La vie d'un tel peintre épris de son modèle jusqu'à en prodiguer sans discontinuité tous les traits, expressions, caractères, faces, profils et physionomies variées par l'enveloppante lumière des lagunes, ne pouvait devenir, en conséquence, que prodigieusement féconde. Le nombre de ses portraits scénographiques de la Sérénessime ville des Doges fut si considérable qu'il n'est guère aujourd'hui de galeries de la vieille Europe ou de musées du Nouveau Monde qui n'en soient pourvus.
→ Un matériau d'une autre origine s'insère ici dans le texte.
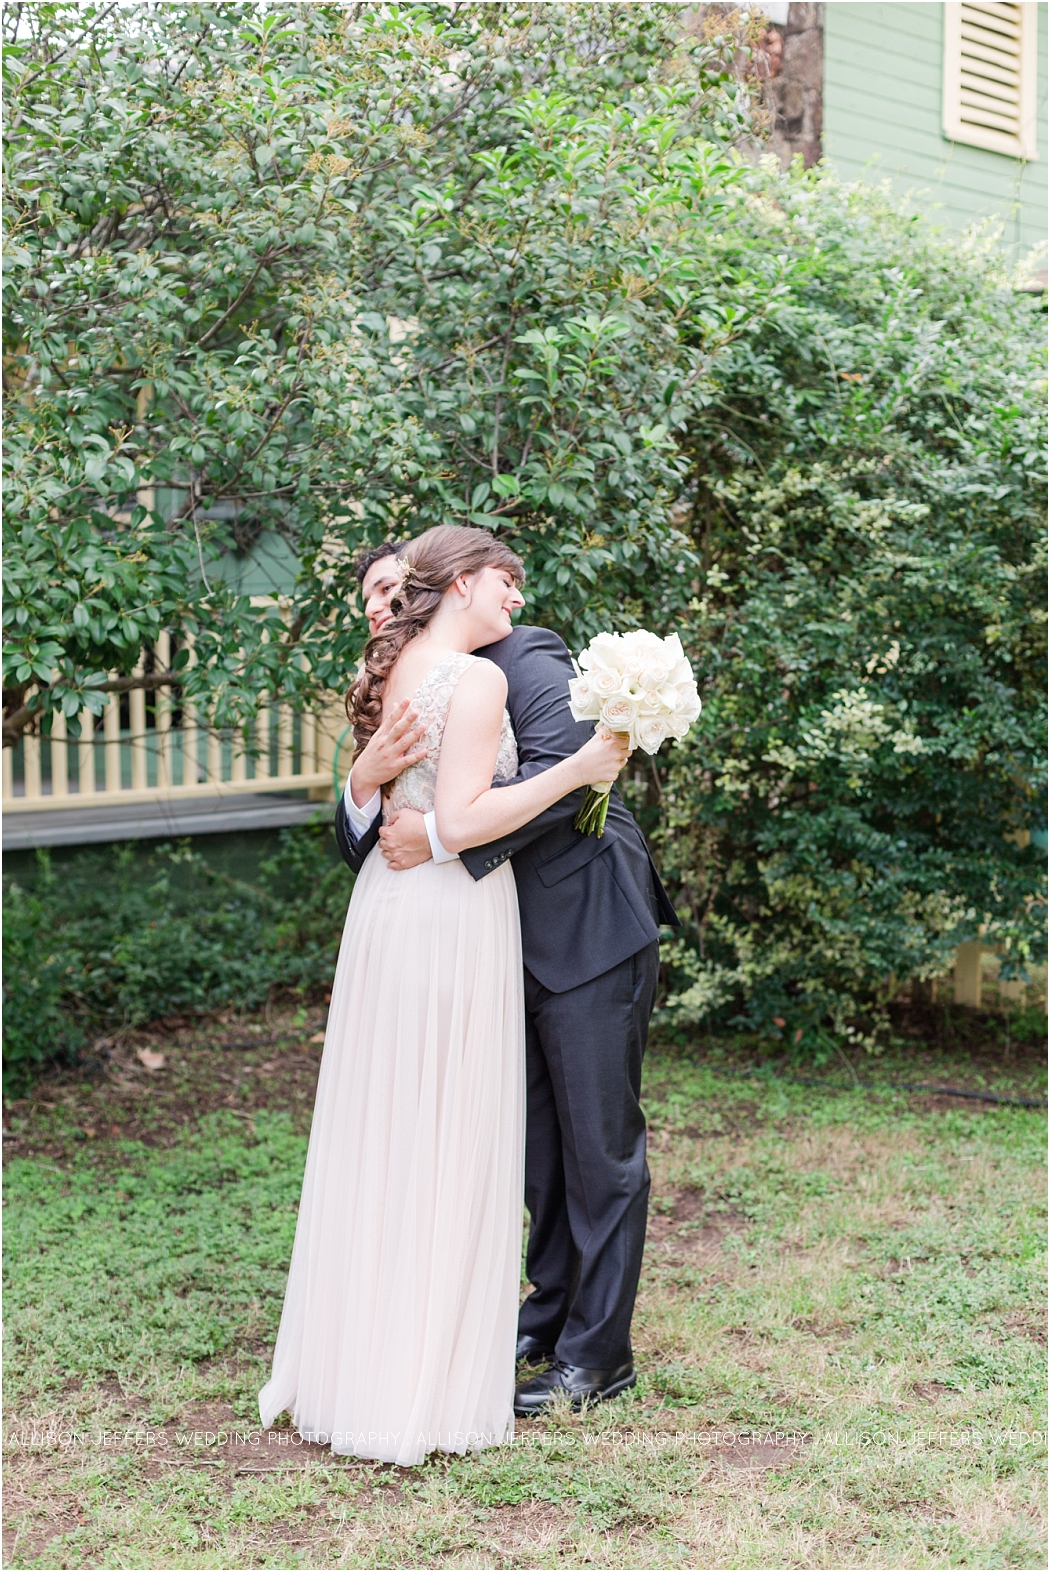 a-teal-and-blush-wedding-at-lakeside-pavillion-in-marble-falls-texas-by-allison-jeffers-wedding-photography-austin-wedding-photographer_0024

De toutes les cités du monde, Venise apparaît être celle qui ait exercé la plus impérieuse séduction aussi bien sur ses fils amoureux de leur mère, que sur ses visiteurs étrangers. Ses portraitistes se multiplièrent au cours de son histoire. Il n'yen eut point de plus zélés, de plus attentifs, de mieux doués que Le Canaletto et son neveu Bellotto, qui reproduisirent en de multiples tableaux ses visages, aspects et perspectives. La difficulté d'une étude complète sur ces deux petits maîtres vénitiens est apparente dans cet écrit plutôt essentiellement biographique, aucun développement critique n'y pouvant trouver place.
Longtemps, il ne fut question que d'un Canaletto. Il n'yen eut qu'un seul en réalité, Antonio da Canal, qui signa ou écrivit son nom de plusieurs façons:
Canal, da Canal, Canale, Canaleto ou Canalettoet Canaletti. Personne, il y a deux siècles, n'y trouvait à redire. L'orthographe des noms propres ou des surnoms était inexistante et n'offrait aucune régularité.